RECOMMENDATIONS FOR AN HYPOTHESIS-DRIVEN, EMPIRICALLY SUFFICIENT ERA
Recent increases in available life history trait data unlock our ability to further understand the prevailing patterns of global variation in life history strategies, their evolutionary and ecological drivers and constraints, and their consequences for the extinction risk, invasiveness, and ecosystem functioning. We expand on Stearns’ [2] original conditions to identify a number of contemporary challenges concerning life history data and analyses, as we strive to attain the “empirical sufficiency” required to test modern theories of life history evolution.
Moving towards universal life history traits, derived from demographic schedules of survival, reproduction and development.Such data can be implicitly measured in a single currency of rates per standard unit of time [51]. This unit harmonisation will strengthen the links between life history, demography, and fitness [1], given their explicit treatment of time in the canonical Euler-Lotka equation. Such rates still need credible transformation during statistical analysis [52]. We further encourage the development of theories and methods to drive our understanding of life history evolution using state variables that are not measured using time but linked to other currencies, with energy being a primary candidate.
Filling gaps in life history trait data across the Tree of Life, especially for microbes, fungi, and invertebrates . There are challenges inherent to this recommendation, since for many organisms we lack a good working definition of life cycles and life histories, let alone what constitutes an individual, death, or reproduction. Variation in lifestyle (e.g., sedentary vs. mobile, diet, habitat), bauplan (e.g. , modular vs. unitary, degree of mobility, brain development), growth pattern (e.g., determinate vs.indeterminate growth) and reproductive modes (e.g., sexualvs. asexual) further complicate the comparative landscape. Attempt to fill data gaps should prioritise measures that will facilitate broad comparisons of life history across taxa. As information gaps across species fill in, it is worthwhile to consider the need for data on vital rate variation within species [53]. Moreover, time series vital rate data exist for a relatively small number of species, and so comprehensive assessments of density-dependent mechanisms driving vital rate variation remain rare.
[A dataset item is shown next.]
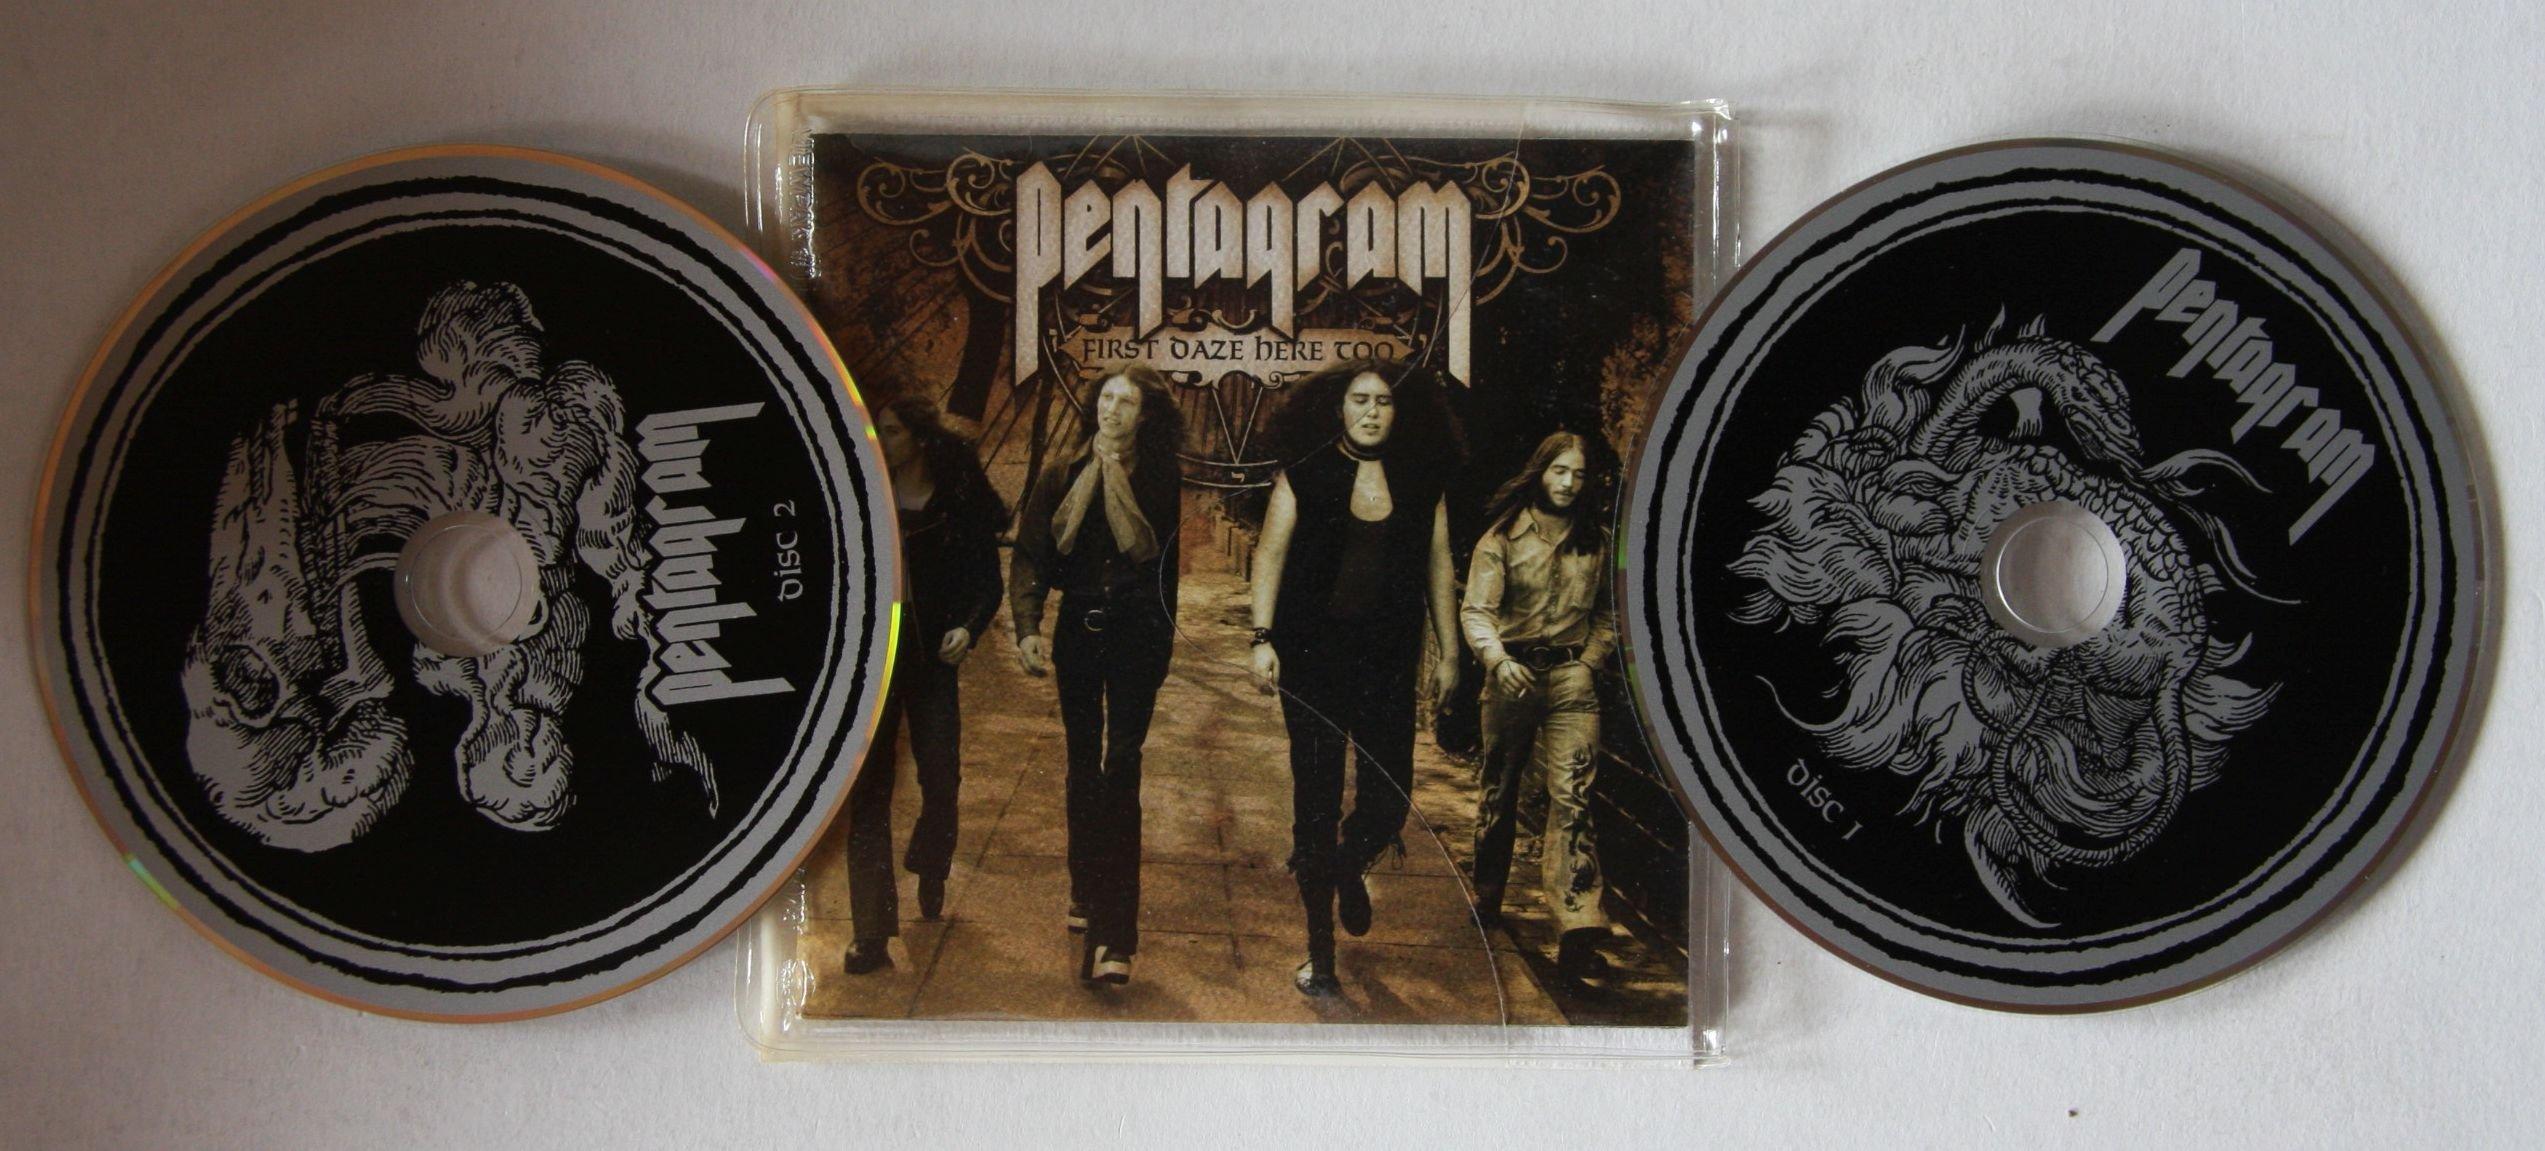 Pentagram First Daze Here Records Lps Vinyl And Cds

Embracing life history traits comparative across broad taxa and levels of biological organisation . Besides some exceptions [54,55], multivariate studies seeking to understand axes of life history variation across kingdoms of life emerged only recently [29,56,57]. Previous studies that have encompassed a broad taxonomic range were limited to bivariate analyses [55]. Naturally, continuing taxon-specific lines of enquiry will play an important role, especially in taxa with rich data quality. However, limiting analysis only to separate groups of organisms implies a perceived wisdom that gross differences in the morphology, physiology, and lifestyle of different groups will inevitably create different selection pressures on their life history strategies. This presumption should be backed up with empirical analyses of whether and how the dominant axes of life history variation change among taxa. Existing evidence is they do not [29].
Achieving consensus regarding evolutionary ancestry across all species to implement robust phylogenetic analyses. Recent advances in phylogenetics have yielded trees describing the relationships among species across ever larger taxonomic groups [58–60]. Despite these advances, the details of ancestral relationships in many parts of these trees, and particularly in deeper evolutionary time, remain debated and with multiple gaps to fill. We require better consensus on the best way to deal with phylogenetic covariance. The classic assumption of Brownian trait evolution is often not supported, with increasing recognition for the need to incorporate evolution towards trait optima and to identify and account for shifts in trait optima across taxa [61]. There is a strong potential to find patterning in life history strategies common across all species, but we should be ready to be surprised by deep-rooted differences in how natural selection has shaped strategies in particular clades.
Adopting analytical approaches that infer explicit links between life history traits and emergent axes of life history variation. We see a role for the wider use of Factor Analysis [47] to help discover life history axes as latent factors of observed vital rates. Further development of FA algorithms will be key to help test hypotheses derived from life history theory, and particularly phylogenetically-controlled confirmatory FA methods. We also urge for the development and application of Canonical Correlation Analysis to reveal associations between the multivariate life history traits of species and their multivariate suites of demographic, phenotypic, and ecological features.